──────── Provided records

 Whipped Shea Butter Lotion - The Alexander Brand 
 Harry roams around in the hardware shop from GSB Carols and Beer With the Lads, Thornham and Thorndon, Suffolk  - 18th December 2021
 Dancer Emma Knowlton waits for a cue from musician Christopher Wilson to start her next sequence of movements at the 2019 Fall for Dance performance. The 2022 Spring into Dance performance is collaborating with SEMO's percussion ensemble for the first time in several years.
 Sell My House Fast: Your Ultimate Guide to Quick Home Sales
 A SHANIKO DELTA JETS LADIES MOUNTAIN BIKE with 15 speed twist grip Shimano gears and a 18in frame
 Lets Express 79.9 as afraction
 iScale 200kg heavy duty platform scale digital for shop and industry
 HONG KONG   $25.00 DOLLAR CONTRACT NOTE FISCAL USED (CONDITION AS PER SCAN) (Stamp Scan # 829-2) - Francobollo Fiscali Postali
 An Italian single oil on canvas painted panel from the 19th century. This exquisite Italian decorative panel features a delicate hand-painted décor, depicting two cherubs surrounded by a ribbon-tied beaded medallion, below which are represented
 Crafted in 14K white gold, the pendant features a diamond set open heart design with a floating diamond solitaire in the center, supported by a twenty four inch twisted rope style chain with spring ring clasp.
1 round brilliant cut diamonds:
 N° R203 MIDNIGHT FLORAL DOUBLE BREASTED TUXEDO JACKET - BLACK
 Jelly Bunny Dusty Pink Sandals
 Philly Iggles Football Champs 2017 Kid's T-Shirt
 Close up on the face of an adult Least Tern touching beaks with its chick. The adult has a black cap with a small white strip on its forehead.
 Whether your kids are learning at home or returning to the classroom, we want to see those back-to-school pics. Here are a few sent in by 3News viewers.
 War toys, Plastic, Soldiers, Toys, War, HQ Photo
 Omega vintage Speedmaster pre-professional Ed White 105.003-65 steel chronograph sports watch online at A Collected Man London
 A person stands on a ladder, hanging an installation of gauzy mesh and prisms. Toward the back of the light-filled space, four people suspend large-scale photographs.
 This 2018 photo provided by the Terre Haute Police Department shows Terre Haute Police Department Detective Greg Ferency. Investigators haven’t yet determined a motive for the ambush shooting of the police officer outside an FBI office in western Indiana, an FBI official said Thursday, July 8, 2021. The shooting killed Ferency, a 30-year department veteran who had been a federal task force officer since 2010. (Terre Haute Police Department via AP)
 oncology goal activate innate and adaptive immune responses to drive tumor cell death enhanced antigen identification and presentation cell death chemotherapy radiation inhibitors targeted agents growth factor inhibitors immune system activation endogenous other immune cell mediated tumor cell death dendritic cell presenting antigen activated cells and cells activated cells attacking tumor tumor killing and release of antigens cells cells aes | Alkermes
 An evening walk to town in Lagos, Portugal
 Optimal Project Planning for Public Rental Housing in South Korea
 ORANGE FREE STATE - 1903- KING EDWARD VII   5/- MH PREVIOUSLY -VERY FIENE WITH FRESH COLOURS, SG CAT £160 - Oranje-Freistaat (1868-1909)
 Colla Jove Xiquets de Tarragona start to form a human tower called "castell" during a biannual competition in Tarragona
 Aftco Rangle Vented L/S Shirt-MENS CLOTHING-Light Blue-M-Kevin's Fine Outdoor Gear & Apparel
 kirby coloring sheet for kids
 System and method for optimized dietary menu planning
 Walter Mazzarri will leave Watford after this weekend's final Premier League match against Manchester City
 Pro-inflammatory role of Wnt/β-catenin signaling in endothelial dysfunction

────────────────

— Assignment —
Copy out only the lines of the records above from the one with "Close up on" through the one with "This 2018 photo", exactly as they stand, both included.

— Written answer —
 Close up on the face of an adult Least Tern touching beaks with its chick. The adult has a black cap with a small white strip on its forehead.
 Whether your kids are learning at home or returning to the classroom, we want to see those back-to-school pics. Here are a few sent in by 3News viewers.
 War toys, Plastic, Soldiers, Toys, War, HQ Photo
 Omega vintage Speedmaster pre-professional Ed White 105.003-65 steel chronograph sports watch online at A Collected Man London
 A person stands on a ladder, hanging an installation of gauzy mesh and prisms. Toward the back of the light-filled space, four people suspend large-scale photographs.
 This 2018 photo provided by the Terre Haute Police Department shows Terre Haute Police Department Detective Greg Ferency. Investigators haven’t yet determined a motive for the ambush shooting of the police officer outside an FBI office in western Indiana, an FBI official said Thursday, July 8, 2021. The shooting killed Ferency, a 30-year department veteran who had been a federal task force officer since 2010. (Terre Haute Police Department via AP)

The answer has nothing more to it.